Proof. \begin{align*}\lim_{x\to x_0}[f(x)-f(x_0)]&=\lim_{x\to x_0}\frac{f(x)-f(x_0)}{x-x_0}\cdot(x-x_0)\\&=f'(x)\cdot 0\\&=0.\end{align*}
Example. [A Counterexample for the Converse] The function $f(x)=|x|$ is continuous at $x=0$ but has no derivative at $x=0$.

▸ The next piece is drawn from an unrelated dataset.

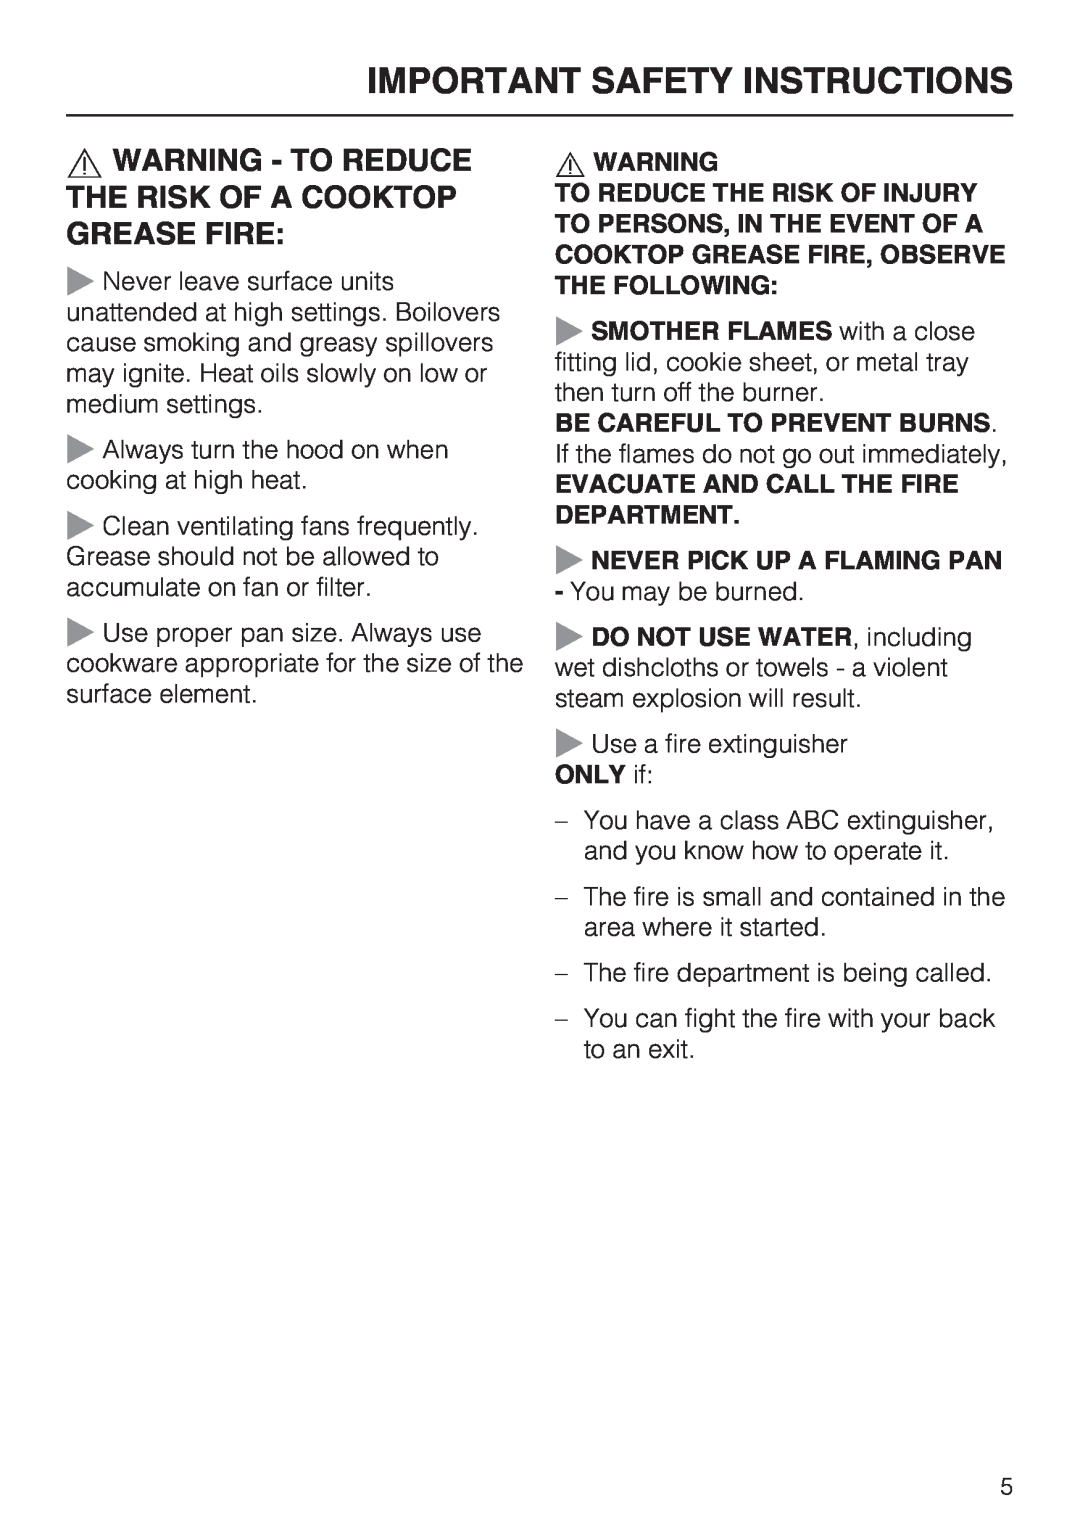 Miele DA5341D installation instructions Important Safety Instructions, Evacuate And Call The Fire Department 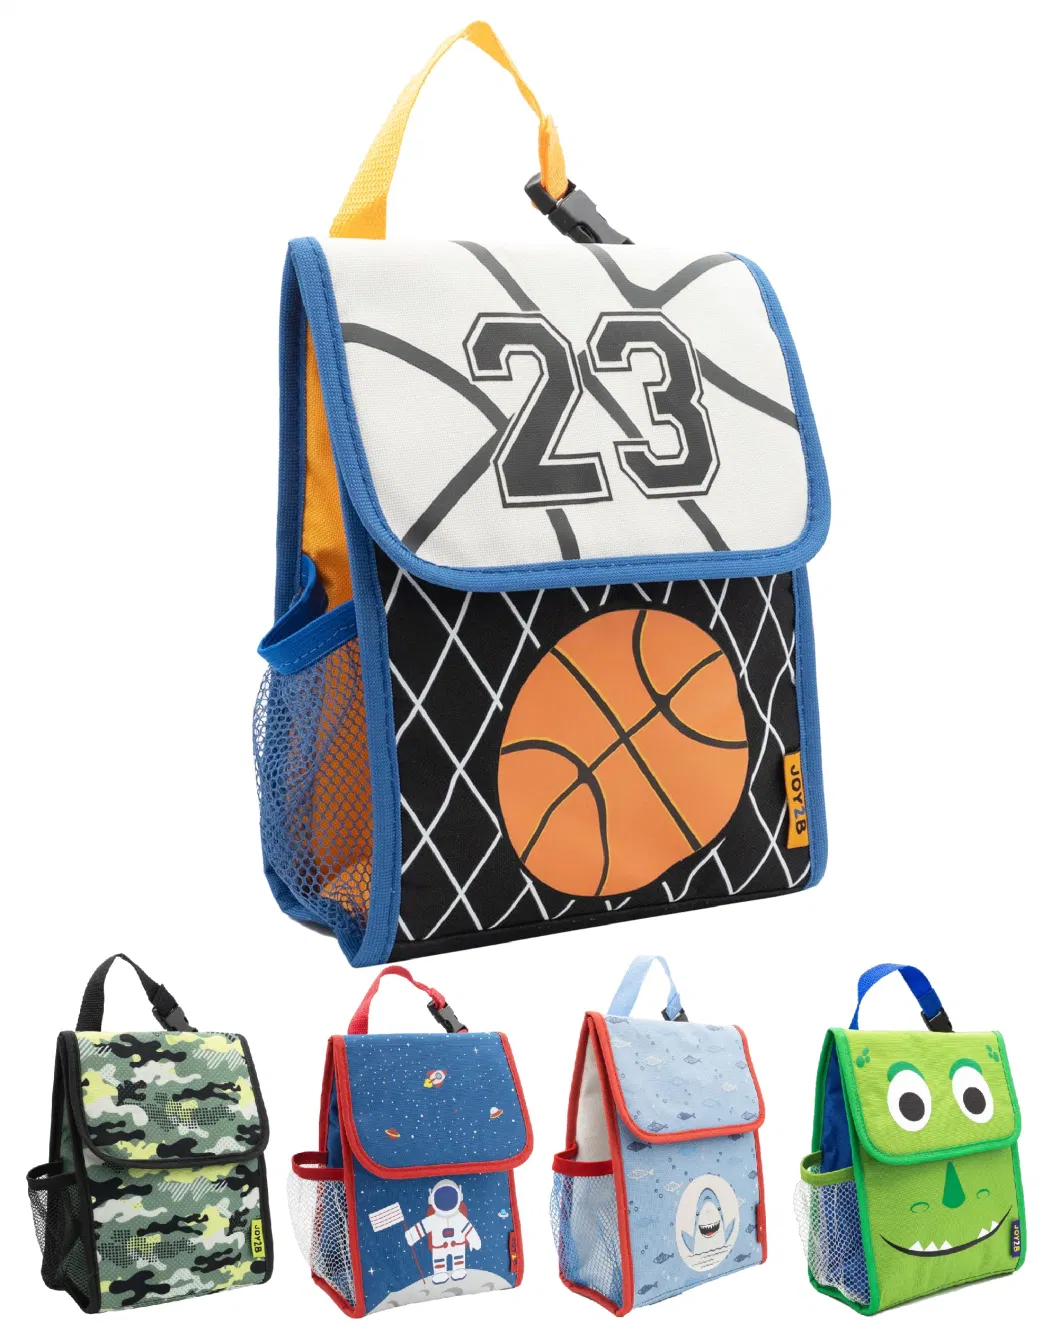 Insulated Dino Lunch Bag Kids with Water Bottle Holder Reusable Snack Bags for Boys and Girls Dinosaur Lunch Box Kids Perfect for School

Proof. \begin{align*}\lim_{x\to 0+}\frac{f(x)-f(0)}{x-0}&=\lim_{x\to 0+}\frac{|x|}{x}\\&=\lim_{x\to 0+}\frac{x}{x}\\&=1,\end{align*} while \begin{align*}\lim_{x\to 0-}\frac{f(x)-f(0)}{x-0}&=\lim_{x\to 0-}\frac{|x|}{x}\\&=\lim_{x\to 0-}\frac{-x}{x}\\&=-1.\end{align*} Hence, $f'(0)=\displaystyle\lim_{x\to 0}\frac{f(x)-f(0)}{x-0}$ does not exist.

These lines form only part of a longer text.